Asci F, Marsili L, Suppa A, Saggio G, Michetti E, Di Leo P, Patera M, Longo L, Ruoppolo G, Del Gado F, Tomaiuoli D, Costantini G. Acoustic analysis in stuttering: a machine-learning study.
Front Neurol 2023;
14:1169707. [PMID:
37456655 PMCID:
PMC10347393 DOI:
10.3389/fneur.2023.1169707]
[Citation(s) in RCA: 0] [Impact Index Per Article: 0] [Reference Citation Analysis] [Abstract] [Key Words] [Track Full Text] [Figures] [Journal Information] [Subscribe] [Scholar Register] [Received: 02/21/2023] [Accepted: 06/16/2023] [Indexed: 07/18/2023] Open
Abstract
Background
Stuttering is a childhood-onset neurodevelopmental disorder affecting speech fluency. The diagnosis and clinical management of stuttering is currently based on perceptual examination and clinical scales. Standardized techniques for acoustic analysis have prompted promising results for the objective assessment of dysfluency in people with stuttering (PWS).
Objective
We assessed objectively and automatically voice in stuttering, through artificial intelligence (i.e., the support vector machine - SVM classifier). We also investigated the age-related changes affecting voice in stutterers, and verified the relevance of specific speech tasks for the objective and automatic assessment of stuttering.
Methods
Fifty-three PWS (20 children, 33 younger adults) and 71 age-/gender-matched controls (31 children, 40 younger adults) were recruited. Clinical data were assessed through clinical scales. The voluntary and sustained emission of a vowel and two sentences were recorded through smartphones.
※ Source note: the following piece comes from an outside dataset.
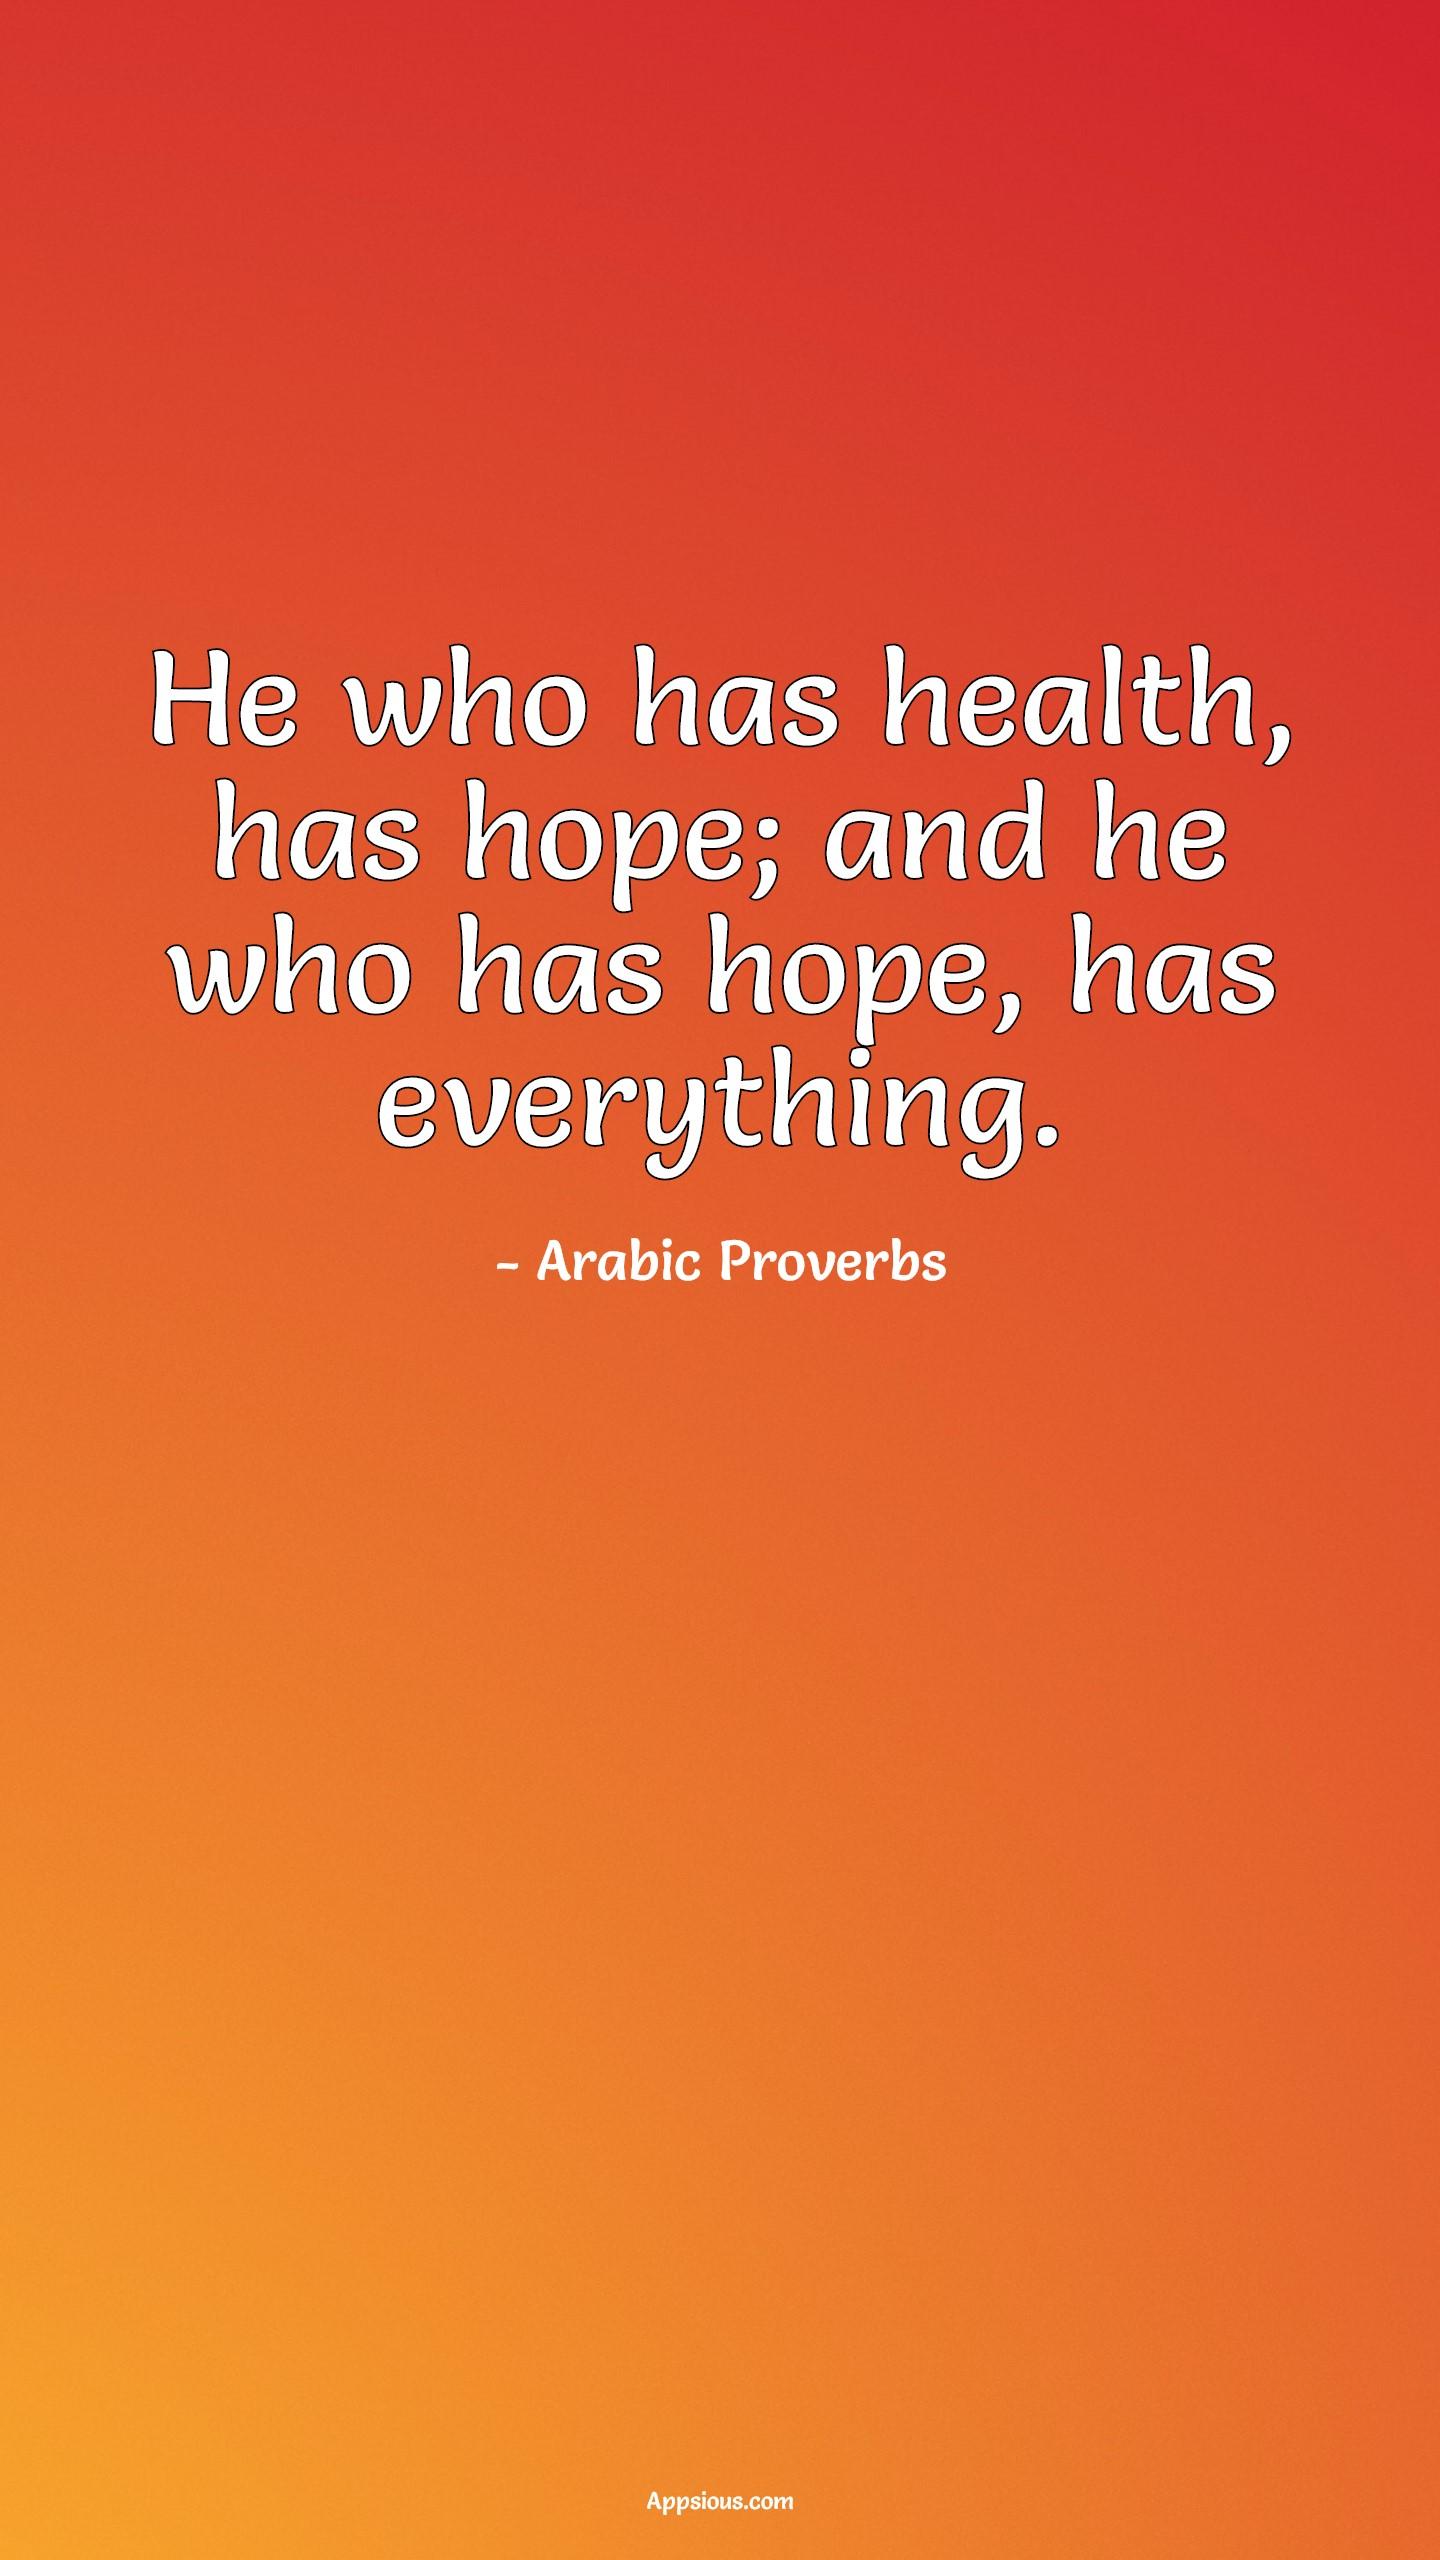 He who has health has hope, And he who has hope has everything.

Audio samples were analyzed using a dedicated machine-learning algorithm, the SVM to compare PWS and controls, both children and younger adults. The receiver operating characteristic (ROC) curves were calculated for a description of the accuracy, for all comparisons. The likelihood ratio (LR), was calculated for each PWS during all speech tasks, for clinical-instrumental correlations, by using an artificial neural network (ANN).
Results
Acoustic analysis based on machine-learning algorithm objectively and automatically discriminated between the overall cohort of PWS and controls with high accuracy (88%). Also, physiologic ageing crucially influenced stuttering as demonstrated by the high accuracy (92%) of machine-learning analysis when classifying children and younger adults PWS. The diagnostic accuracies achieved by machine-learning analysis were comparable for each speech task. The significant clinical-instrumental correlations between LRs and clinical scales supported the biological plausibility of our findings.
Conclusion
Acoustic analysis based on artificial intelligence (SVM) represents a reliable tool for the objective and automatic recognition of stuttering and its relationship with physiologic ageing. The accuracy of the automatic classification is high and independent of the speech task. Machine-learning analysis would help clinicians in the objective diagnosis and clinical management of stuttering. The digital collection of audio samples here achieved through smartphones would promote the future application of the technique in a telemedicine context (home environment).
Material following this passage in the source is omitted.